Beer Made from Recycled Water Collected in San Francisco Showers

By Jacopo Prisco | CNN

You wouldn’t know if you tasted it, but Epic OneWater Brew is a beer with a peculiar ingredient: it’s made with water recycled from the showers, sinks and washing machines of a residential building.

Epic OneWater Brew is a beer made with water recycled from the showers, sinks and washing machines of a residential building.(Epic Cleantec)
Epic OneWater Brew is a beer made with water recycled from the showers, sinks and washing machines of a residential building.(Epic Cleantec) 

The beer is safe to drink, thanks to a series of treatments that include microfiltration and ultraviolet light, and it is meant to bring attention to the issue of water scarcity and reuse.

“Buildings globally use 14% of all potable water,” says Aaron Tartakovsky, CEO and co-founder of Epic Cleantec, the San Francisco-based water treatment company that made the beer in collaboration with a local brewery. “Almost no buildings reuse that water — that’s what we’re trying to change.”
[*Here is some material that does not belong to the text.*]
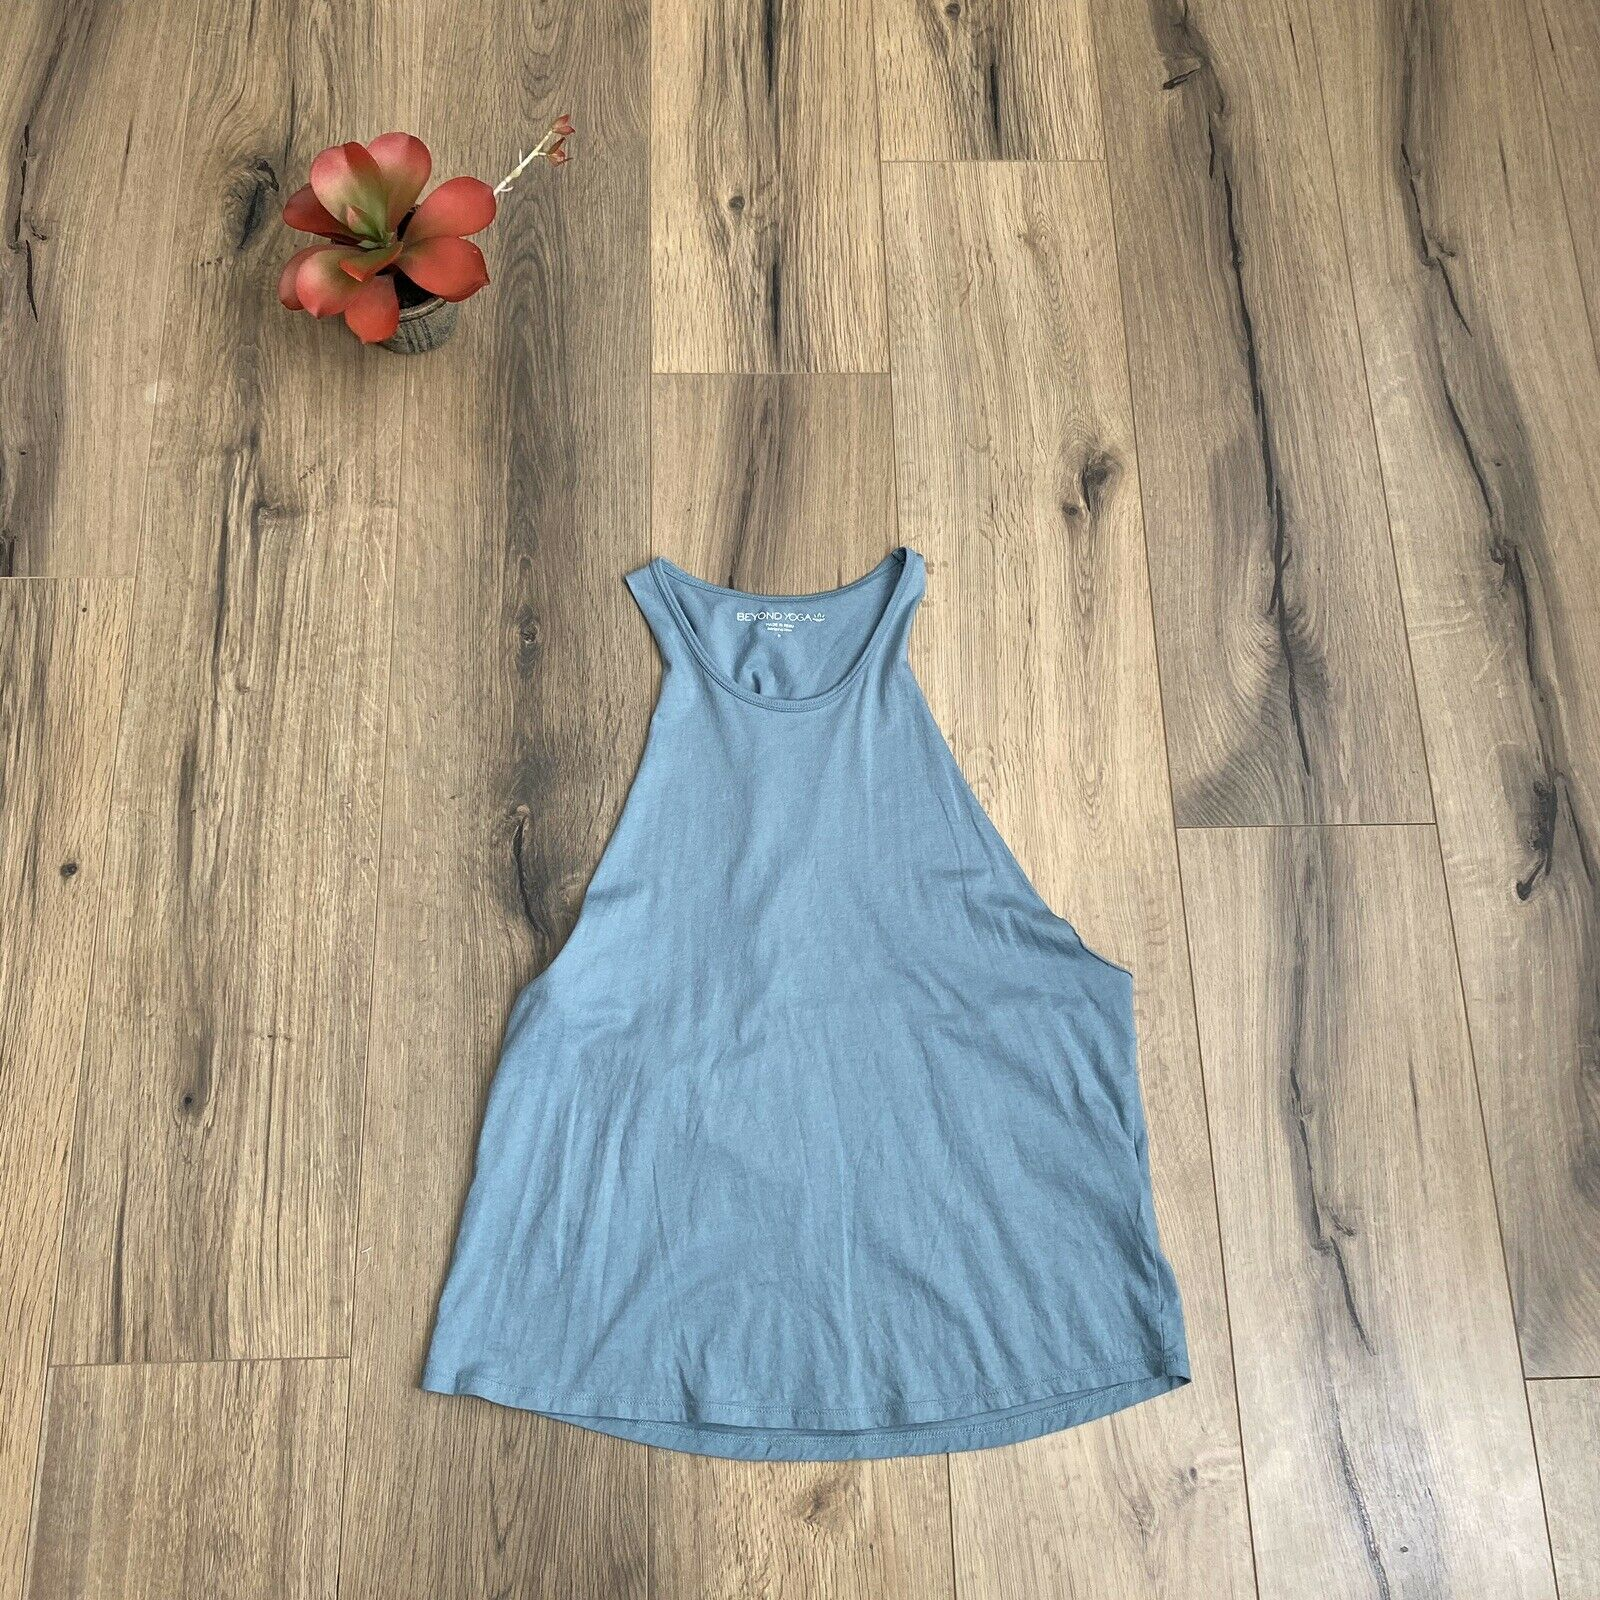 Beyond Yoga Small Blue Crush Cotton Round The Twist Tank Top Apparel EUC $58

The beer is a Kölsch-style ale — a crisp, light-bodied drink originating from Germany — and was made with recycled graywater from Fifteen Fifty, a 40-story luxury apartment building in San Francisco. But it’s not for sale, as regulations prohibit the use of recycled wastewater in commercial beverages. At least for now.

A ‘solar’ moment

Epic Cleantec equips buildings with its water recycling system, eliminating the need to discharge wastewater into a sewer to transport it to a remote treatment facility. The system recycles up to 95% of wastewater, according to the company — either what is known as blackwater, which comes from toilets, or graywater, which comes from sinks, washing machines, bathtubs and showers.

It does so by first using biological treatment to remove organic matter, then microfiltration via membranes just 0.04 microns thick (about 0.05% of the thickness of a human hair), and finally disinfection by ultraviolet light and chlorine, which makes the water safe for reuse in non-potable applications like toilet and urinal flushing, irrigation and laundry. The system installed in Fifteen Fifty is designed to recycle 7,500 gallons of water per day, or up to 2.75 million gallons per year.

“What we’ve done is just take a lot of existing principles in the wastewater world and design it for single buildings instead,” Tartakovsky said. “We do for water what solar did for energy, which is moving away from a sole reliance on large, centralized infrastructure.”

Epic Cleantec says the system has other benefits: recovered heat from the wastewater can be used to pre-heat domestic hot water, cutting heating costs, and the organic matter in the wastewater can be used to produce natural soil products, usable in landscaping, gardens or parks.

An installation takes the space of a few parking spots, on average, but it’s expensive — from a few hundred thousand dollars into the millions, depending on the size of the building. However, Tartakovsky says that it pays for itself in just a few years, by lowering utility bills.

In San Francisco, since 2015, all new buildings of more than 100,000 square feet are required to have an on-site water recycling system; out of the few dozen currently installed, Epic Cleantec is responsible for five.

“It’s very common sense. Why are we still using pristine drinking water from our national parks to flush the toilets of our tech employees in downtown San Francisco?” Tartakovsky asks. “Scientifically, this water often meets or even exceeds drinking water standards.”

Cutting water usage

Epic Cleantec started its beer project in late 2022, for attendees of a conference on sustainable building technologies. “We ended up producing just over 7,000 cans, not as a commercial product, but as an educational effort,” Tartakovsky says, using 2,000 gallons of recycled water. “It was meant to tell the water reuse story in a new way. But frankly, we did not anticipate the tremendous response that we saw.”

While Epic Cleantec’s system isn’t intended to produce water for drinking, regulations currently allow potable reuse of wastewater in many US states, including California and Texas. More states, including Arizona, Colorado, Florida, New Mexico and Washington, are in the process of updating their water reuse regulations.

“Recycled water is already being used as a source of drinking water in places like Southern California, Singapore and Australia,” says David Sedlak, director of the Berkeley Water Center at the University of California, Berkeley. “All of those operations rely upon recycling plants that are associated with sewage treatment plants. Building-scale water recycling systems offer an opportunity for cities to reduce their reliance on water from rivers, lakes and reservoirs — sources that are vulnerable to climate change. It also offers opportunities to save energy and reduce the amount of pollutants that cities release to the environment.”

Sedlak, who is not involved in Epic Cleantec, says the water recycling system developed by the company has proven its technology to be a viable means of recycling water within buildings. “It is clean enough to use to produce a tasty beer and it is certainly clean enough to use for toilet flushing and landscape irrigation,” he adds.

In 2017, two California-based brewers produced limited-edition beers made from recycled water, to serve at local events. Daniel McCurry, an assistant professor of Civil and Environmental Engineering at the University of Southern California, tried one. “I drank it with no reservations, but it was brewed with water from a municipal potable reuse project in San Diego,” he says.